### EXERCISE INSTRUCTIONS:
Repeat only the lines below that run from the line with "GIANCARLO PIRANI TELECOM" to the line with "Windows Installer XML: Käyttöönotto", ends included; skip every picture.

### MATERIAL FOR THIS EXERCISE:
· · ·

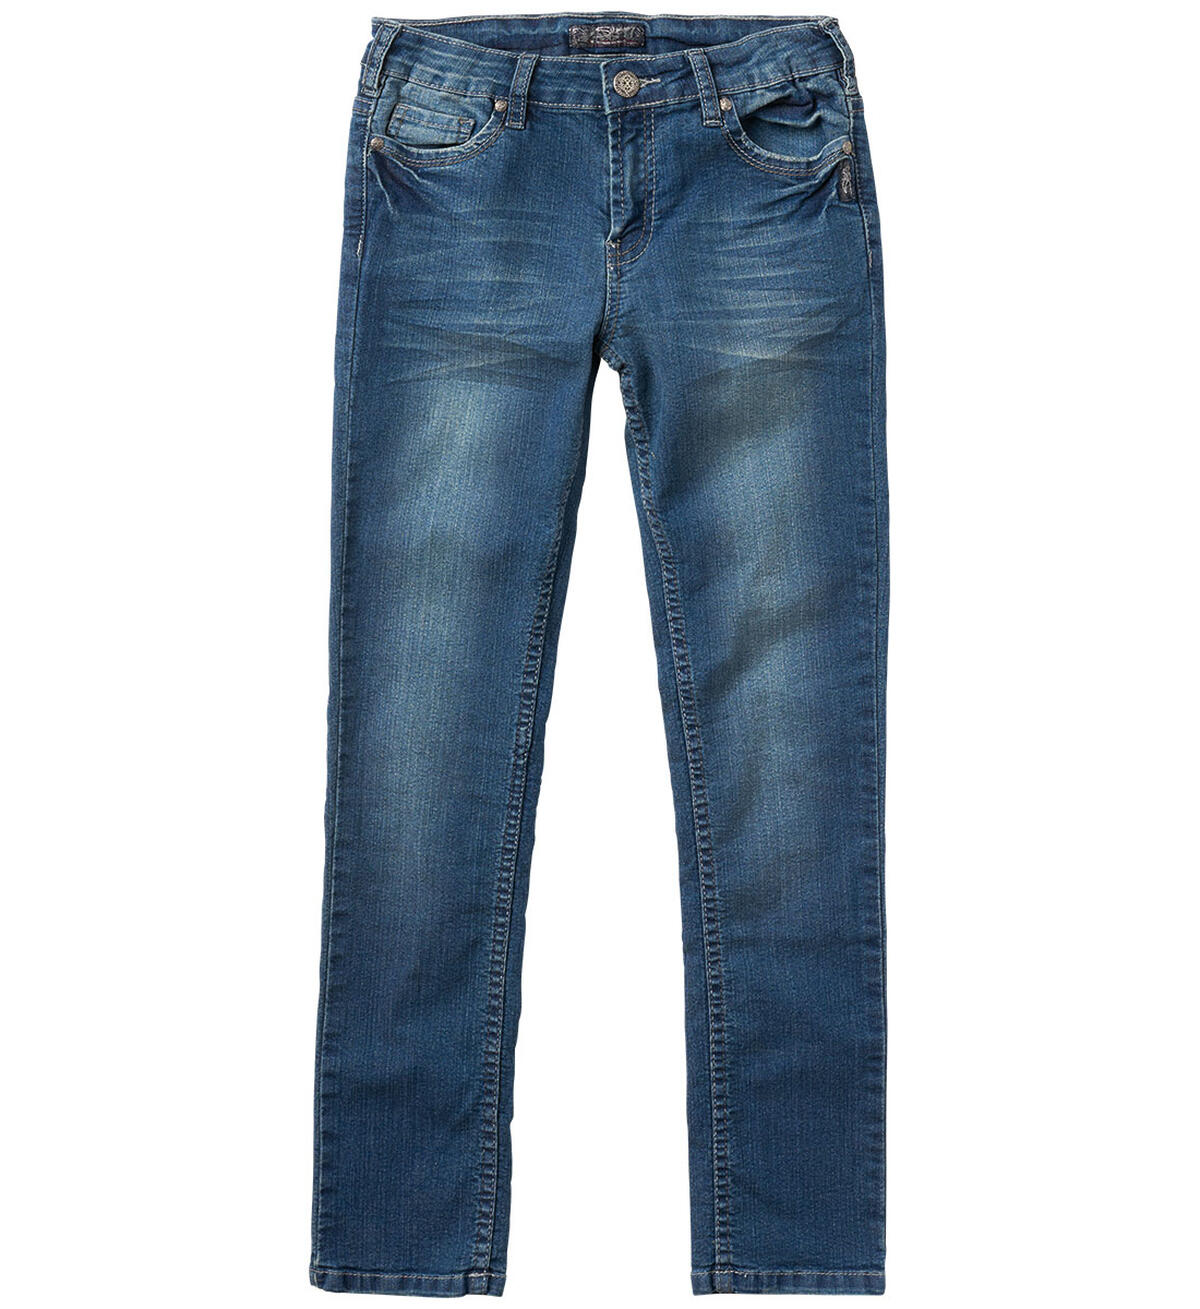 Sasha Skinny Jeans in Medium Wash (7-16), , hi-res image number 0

· · ·

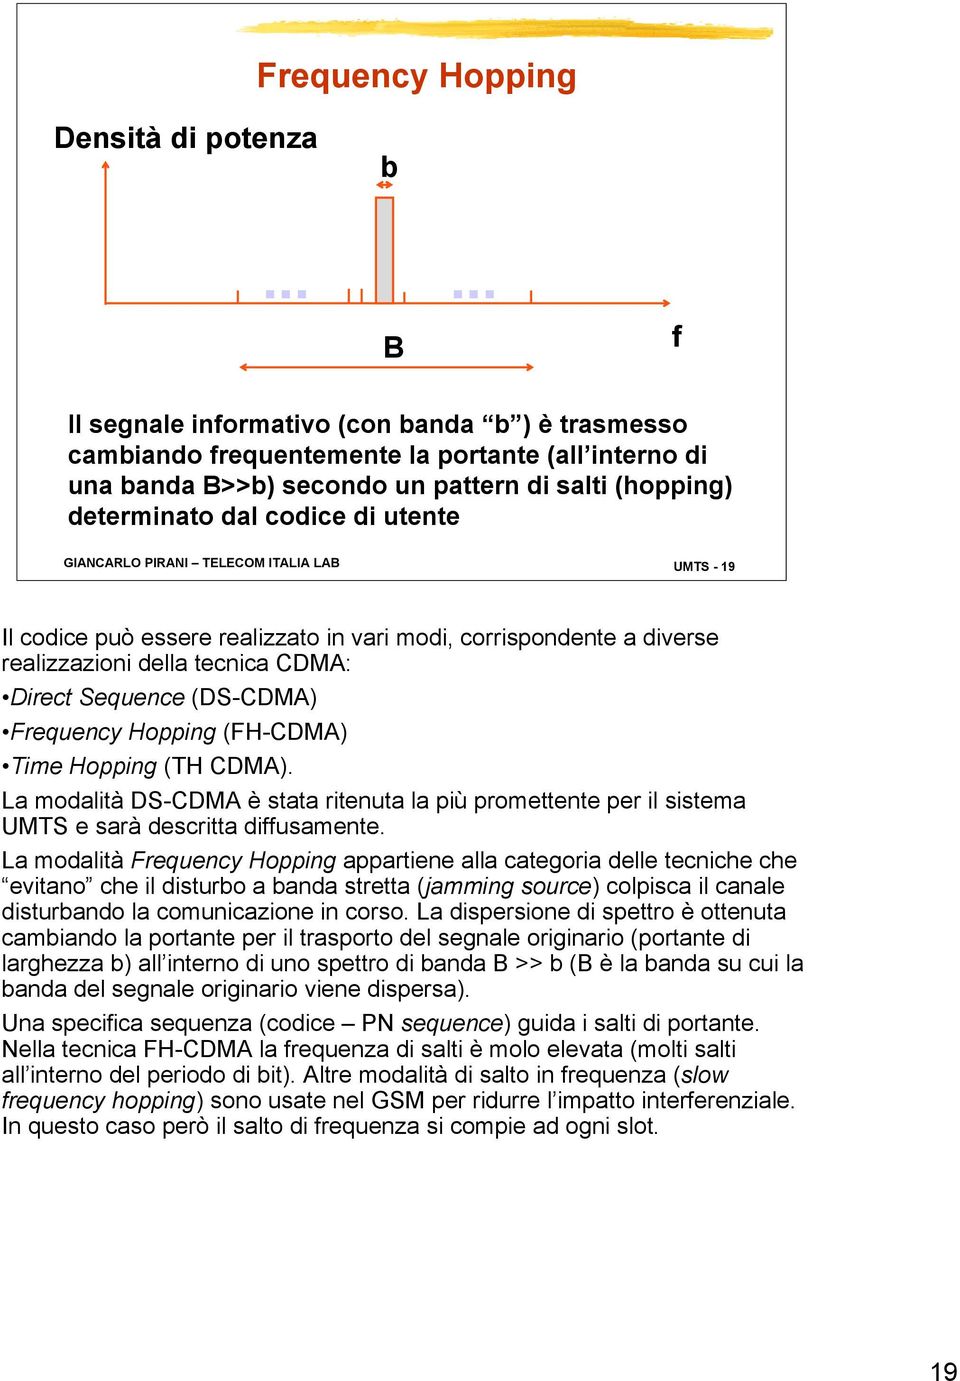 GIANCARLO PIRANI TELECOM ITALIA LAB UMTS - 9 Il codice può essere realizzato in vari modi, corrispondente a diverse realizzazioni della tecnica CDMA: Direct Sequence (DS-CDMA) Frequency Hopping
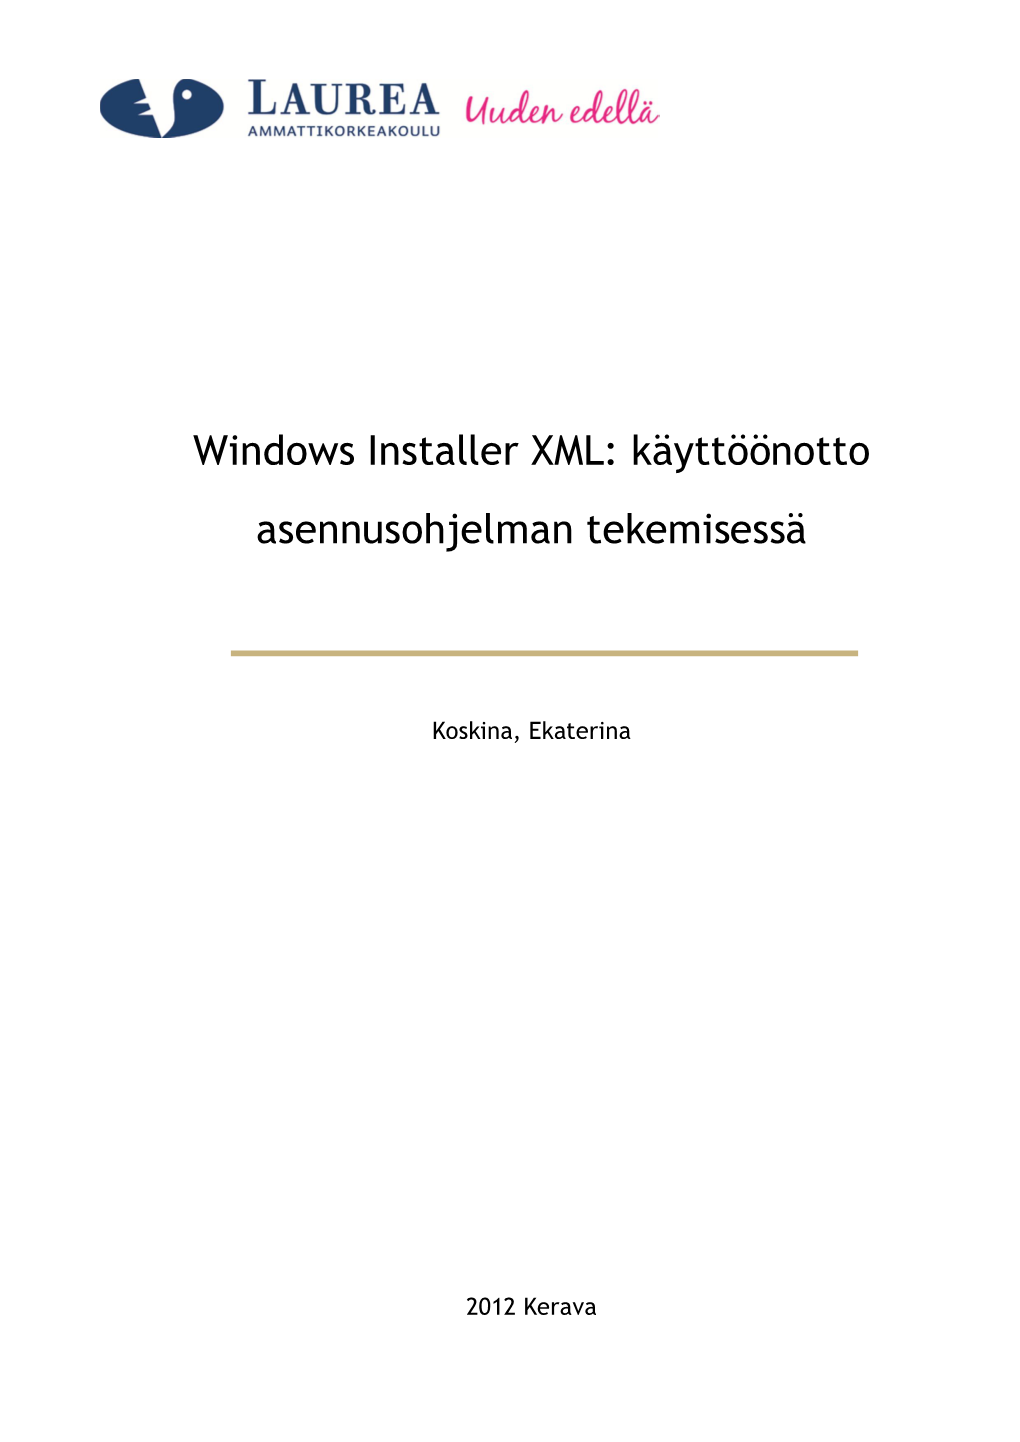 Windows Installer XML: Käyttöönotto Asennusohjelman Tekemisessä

· · ·

### OUTPUT OF THE TASK:
 GIANCARLO PIRANI TELECOM ITALIA LAB UMTS - 9 Il codice può essere realizzato in vari modi, corrispondente a diverse realizzazioni della tecnica CDMA: Direct Sequence (DS-CDMA) Frequency Hopping
 Windows Installer XML: Käyttöönotto Asennusohjelman Tekemisessä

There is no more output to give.